What is needed
All of the data that follows should be retyped exactly, please, except the pictures.

Stored data

──────

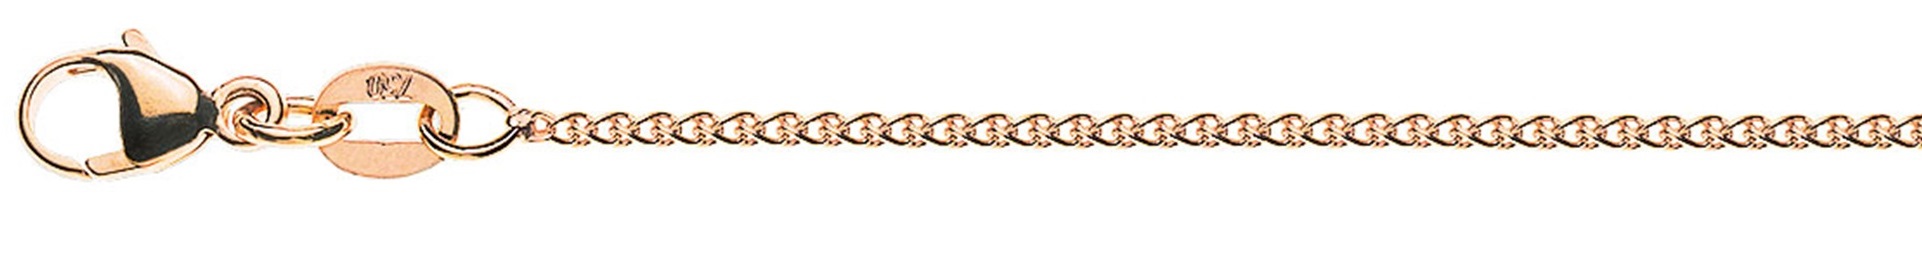 AURONOS Prestige Necklace rose gold 18K cable chain 45cm 1.2mm
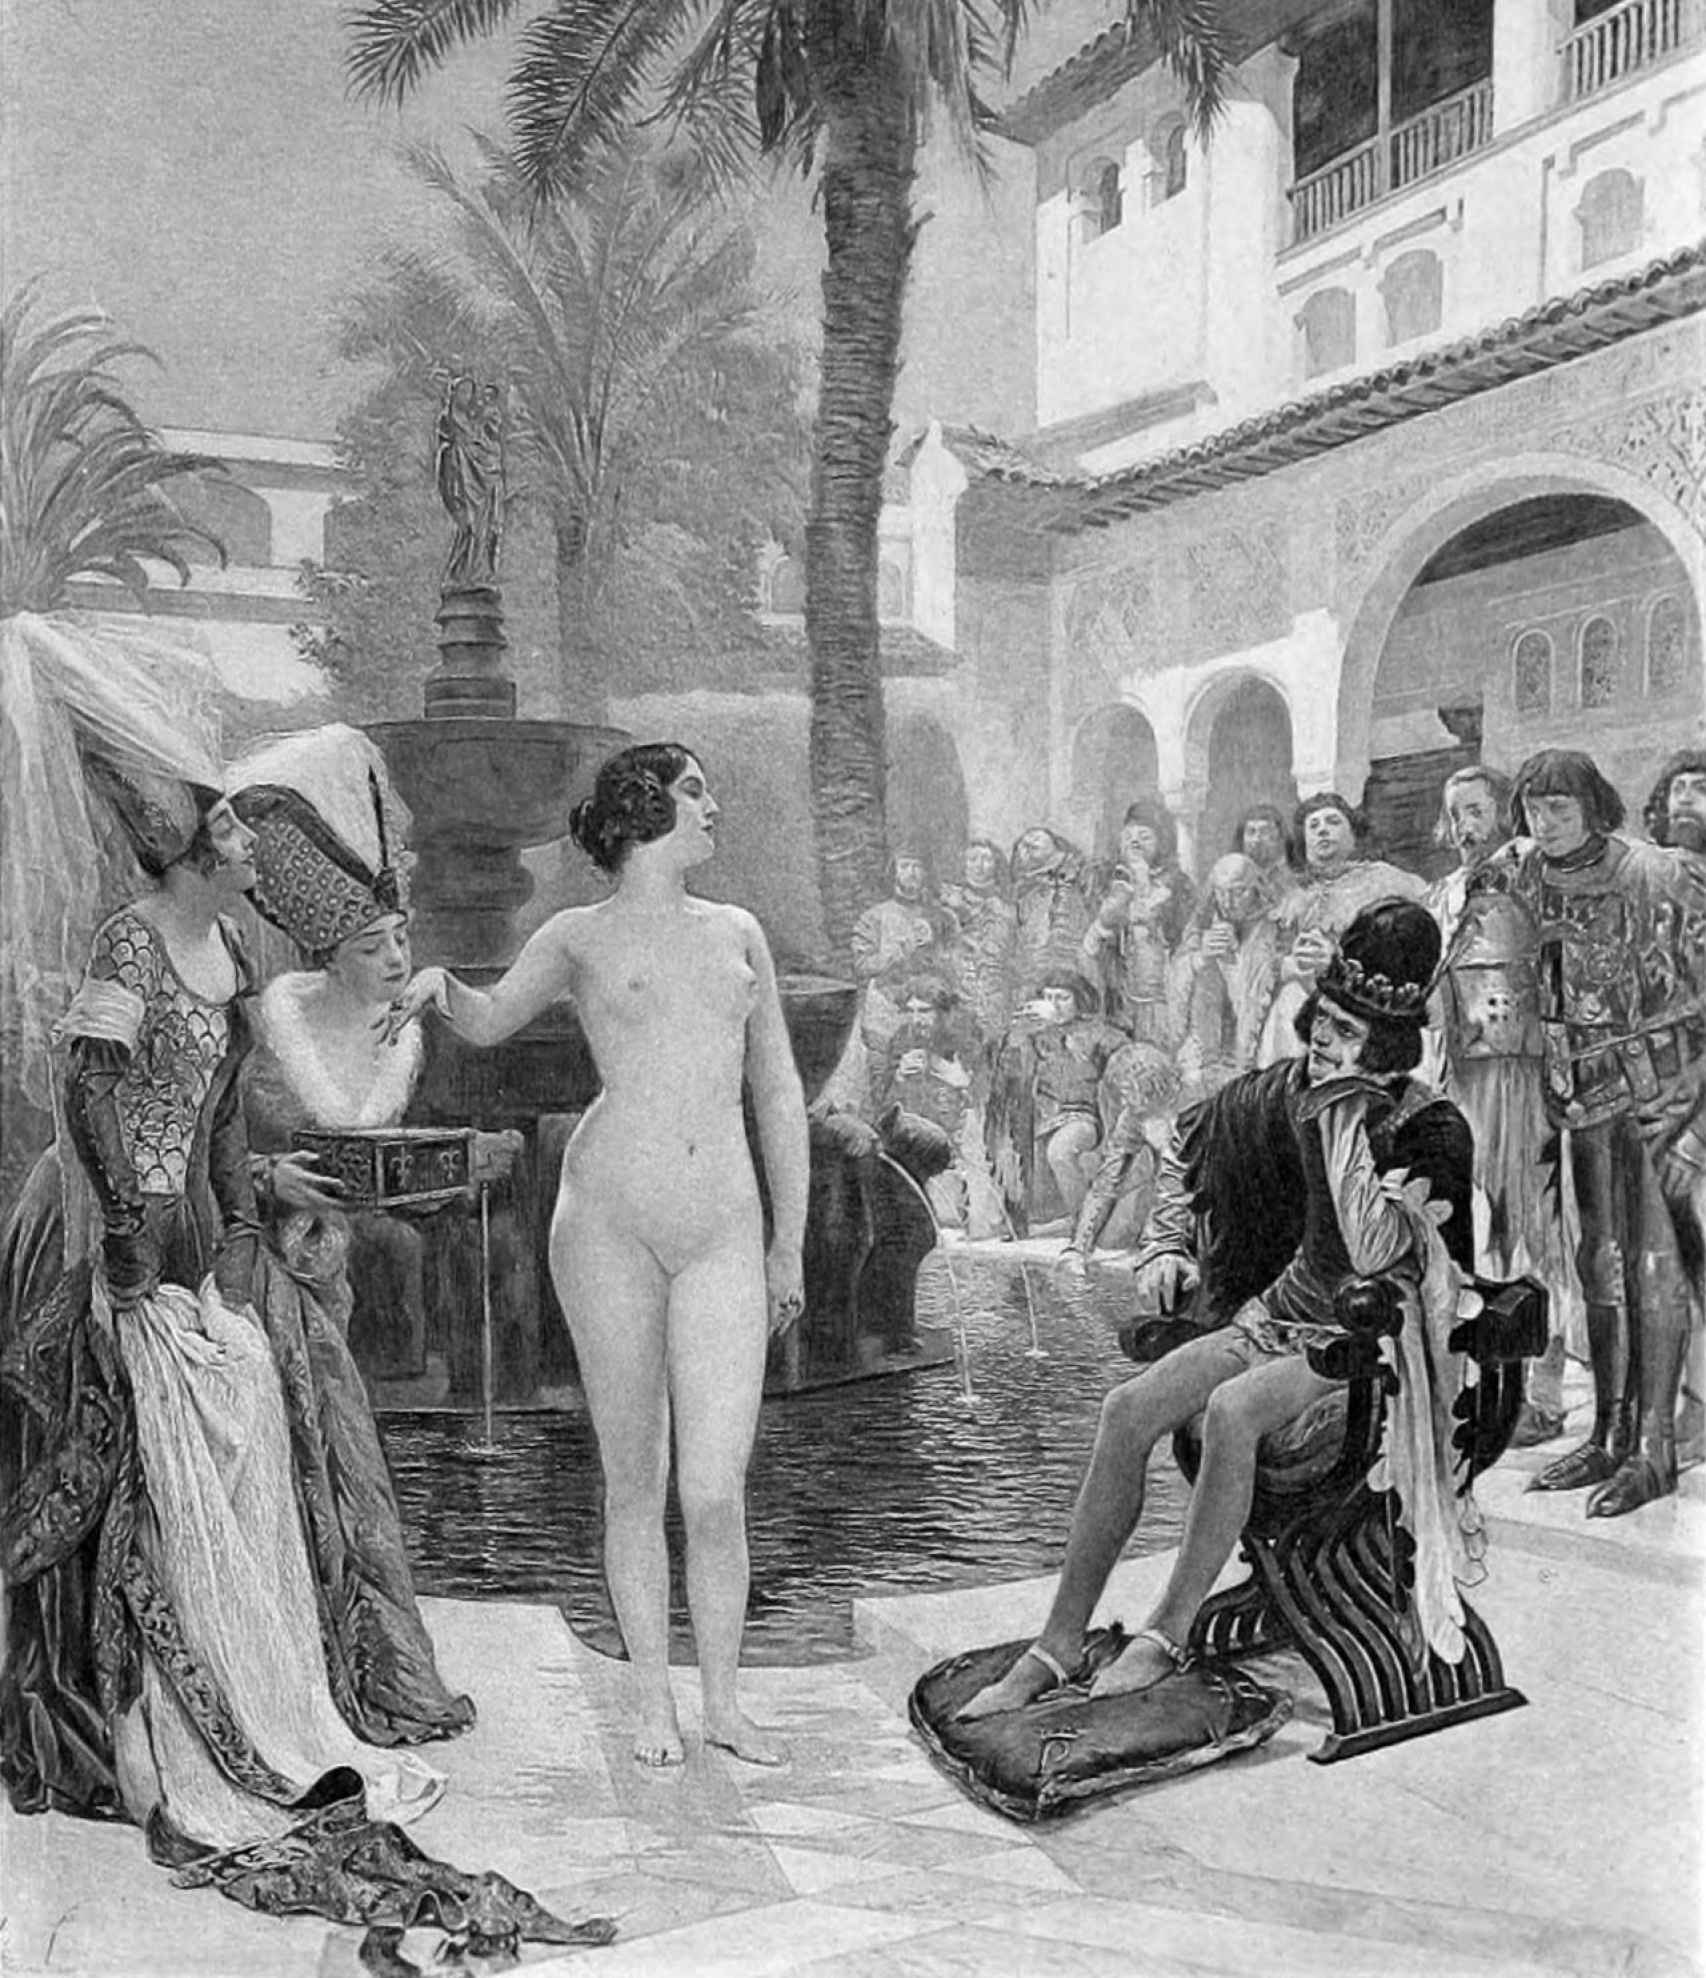 Grabado de María Padilla, desnuda en el Alcázar de Sevilla frente a Pedro I.
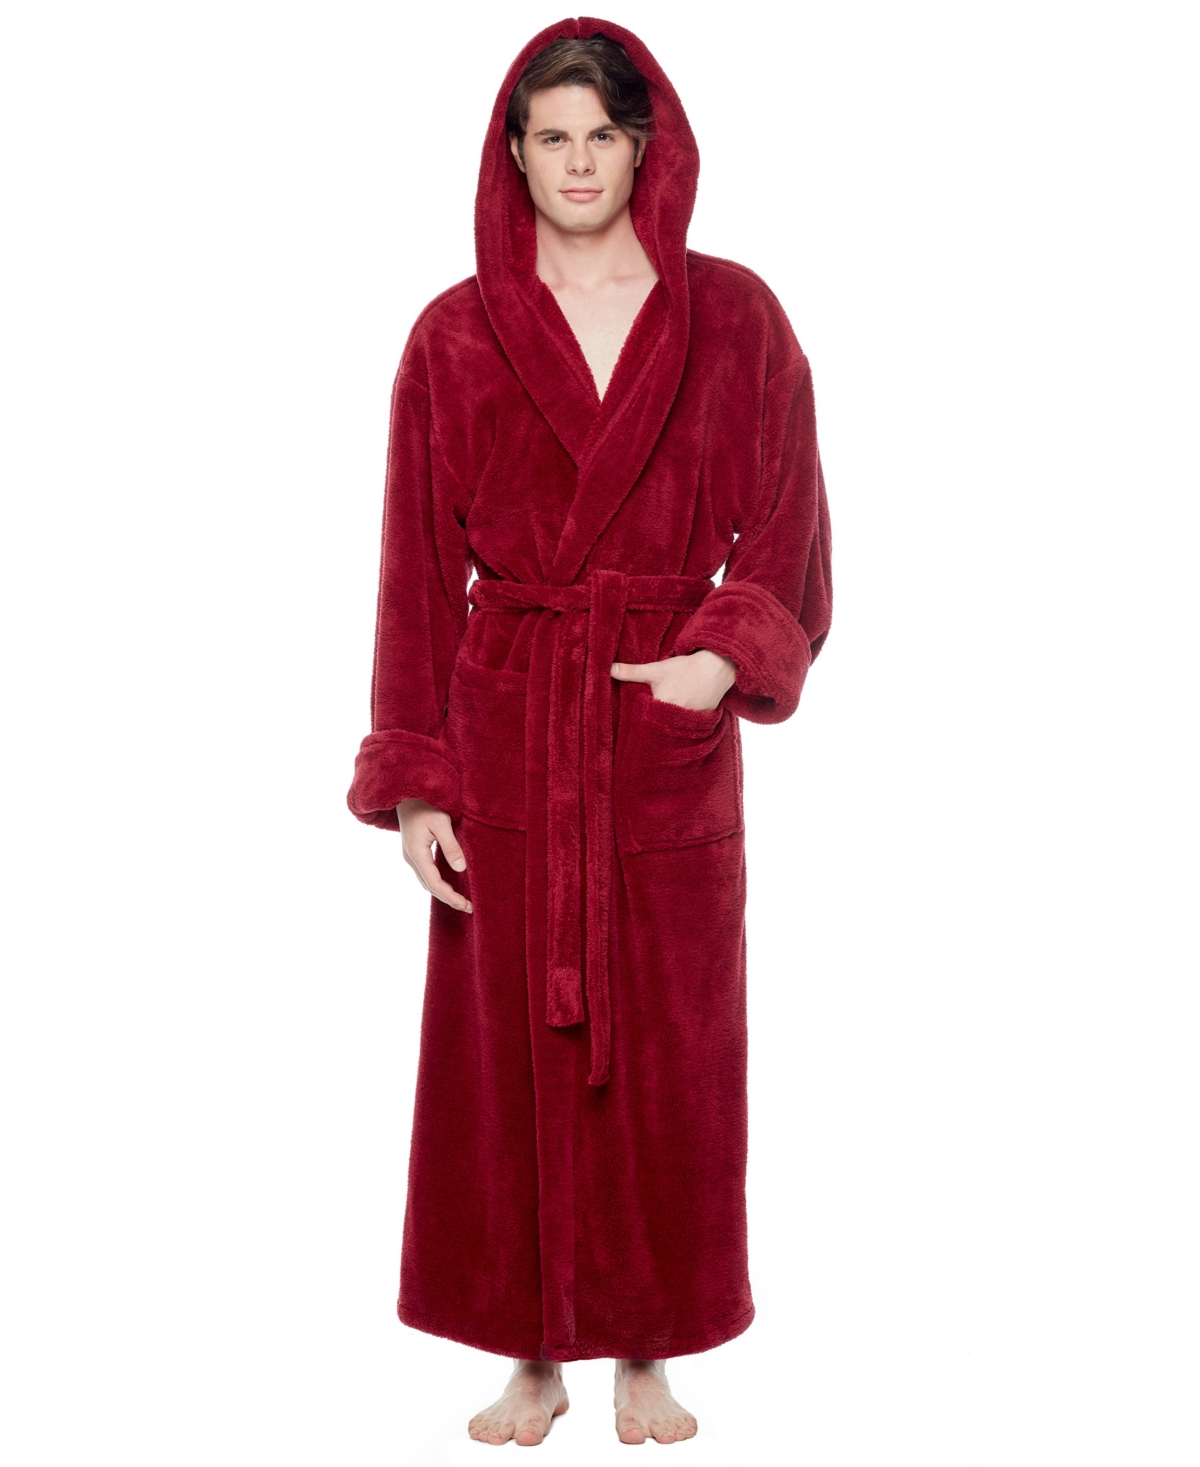 Men's Soft Fleece Robe, Ankle Length Hooded Turkish Bathrobe - Burgundy

──────

Completed task
 AURONOS Prestige Necklace rose gold 18K cable chain 45cm 1.2mm
 Grabado de María Padilla, desnuda en el Alcázar de Sevilla frente a Pedro I.
 Men's Soft Fleece Robe, Ankle Length Hooded Turkish Bathrobe - Burgundy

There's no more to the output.